Tina Garrett credits her best friend, Laura, with giving her the advice she needed to head down the path to becoming an artist. “She said, ‘You are an artist at heart; stop trying to be something you’re not,’ Garrett recalls.
At the time, she had quit her job as a freelance designer and illustrator for a publishing company and was trying to decide what to do next. Her husband Adam, a firefighter and registered nurse, suggested she become a dental hygienist so that, when they retired, they could do traveling nursing and dentistry.
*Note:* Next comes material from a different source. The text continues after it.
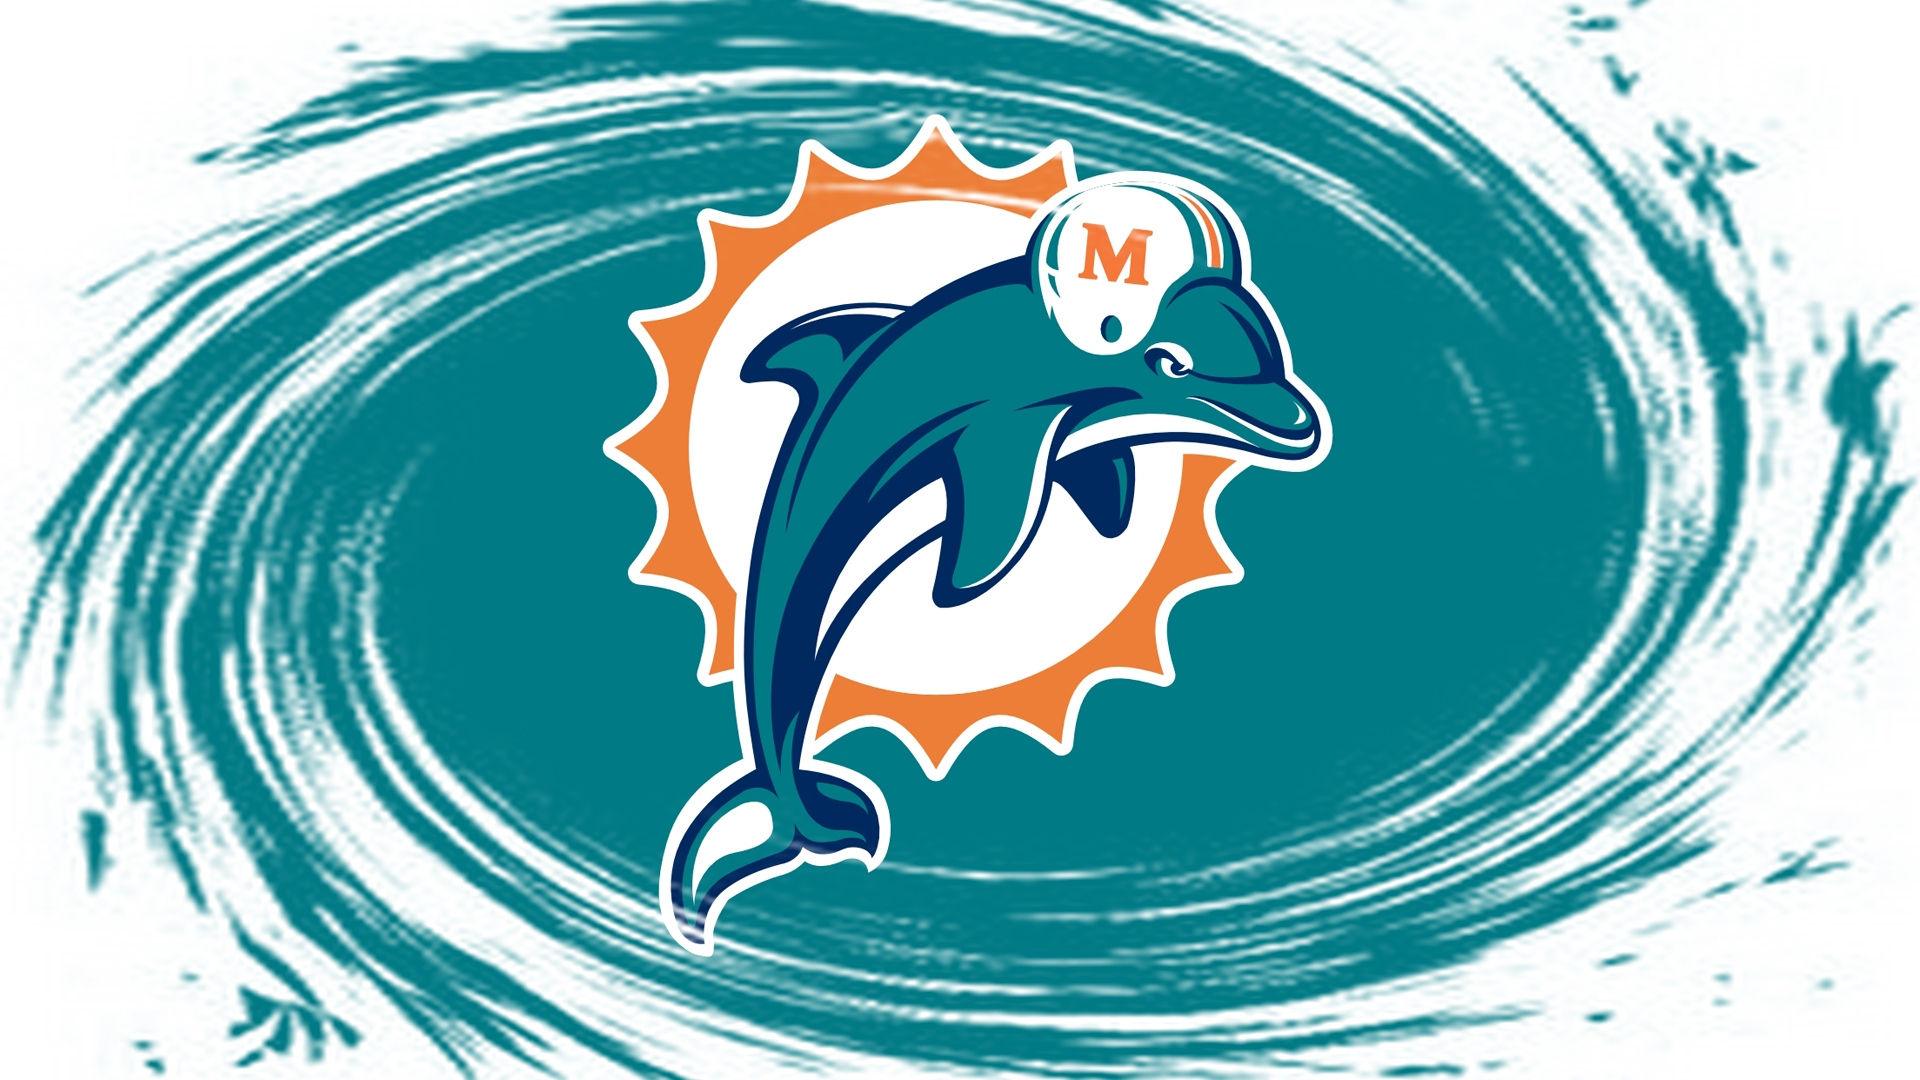 NFL Miami Dolphins Logo Whirlpool 1920x1080 HD NFL Miami Dolphins 1920x1080
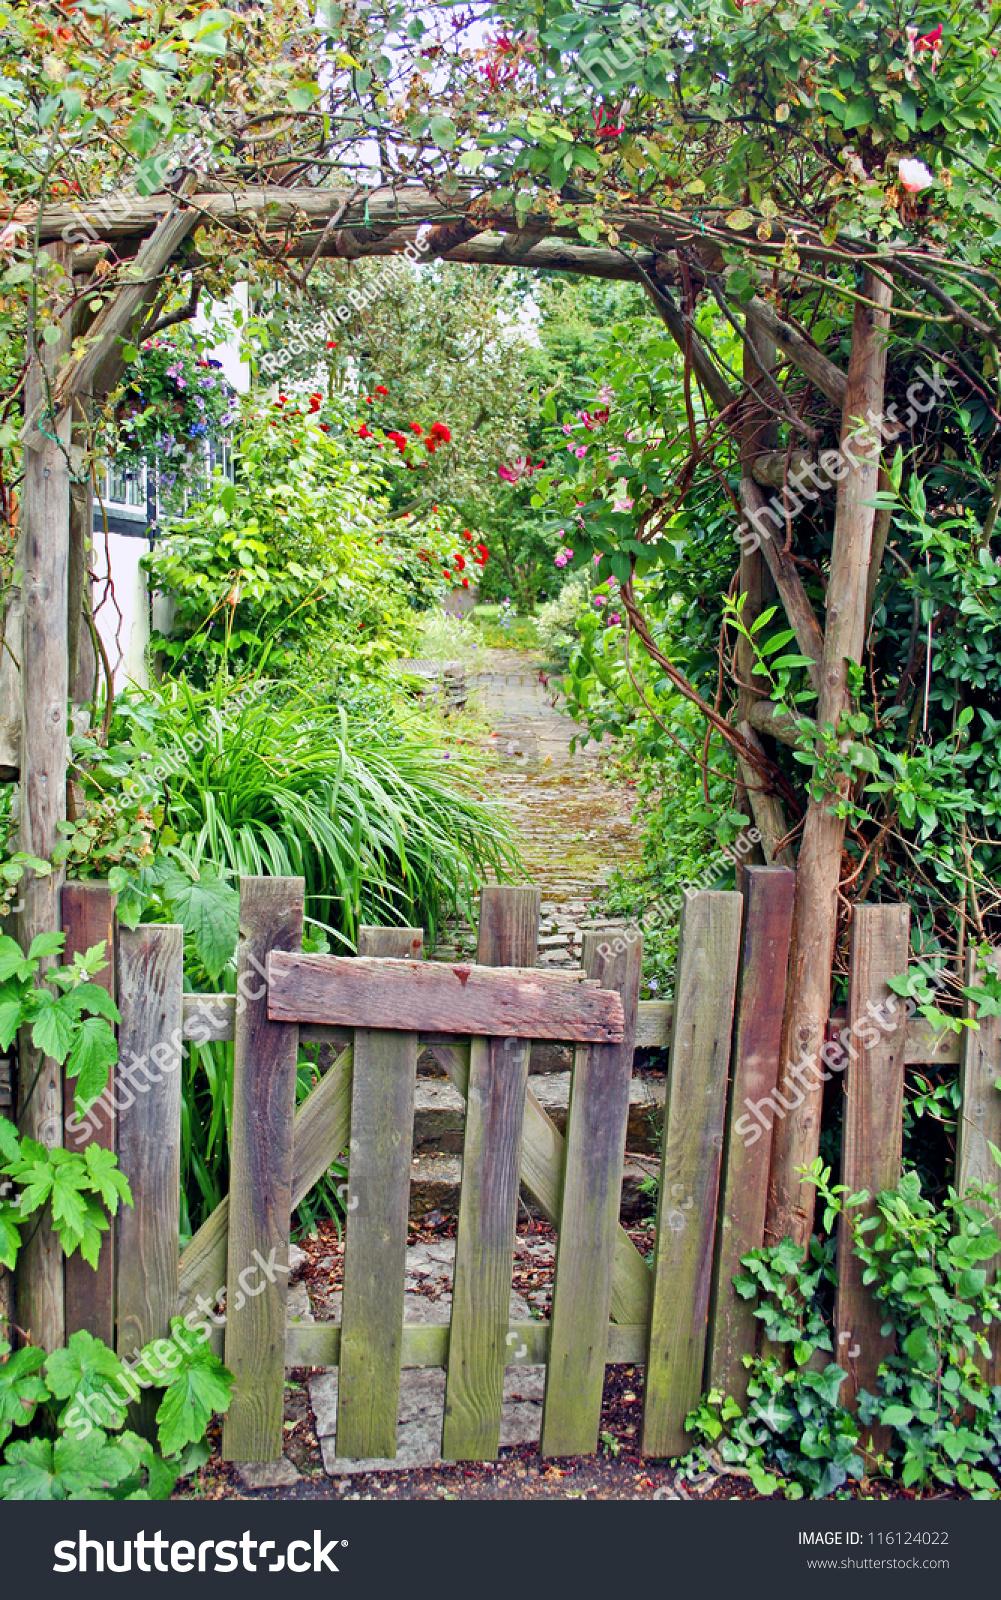 Delightful Rustic Garden Gate

The thought of being a dental hygienist, however, set Garrett’s teeth on edge; she couldn’t imagine working in the mouths of strangers.
“I needed someone to say, ‘Be brave; see what else is out there,’” Garrett says. That someone turned out to be her friend, Laura, whose advice she took—and the rest is history.
Tina Garrett
Ginger Johnnie
Oil
30″x40″
“I tend to get overcome with ideas and inspiration from particular models and, overwhelmingly, they are dancers in their real lives. This is the fourth painting in my Vintage est Nouveau (What’s Old Is New) series, starring one of my very first muses, Rachel. I could paint her 1,000 times. She got the job for this series for an odd reason, though, not because she was a dancer but because she was the only person I knew tiny enough to fit in the finely made 1920s vintage clothing.”
Tina Garrett
Cicerone
Oil
30″x24″
“Cicerone means guide. When I met the cowboy, Frank Gray, in Coeur d’Alene, I felt immediately at ease with his kind eyes and smiling mustache. I painted him like the Father Christmas of the West, safely guiding travelers through the dark to some warm, distant highland. I have more to make in the Cowboy Series, and I can hardly wait.”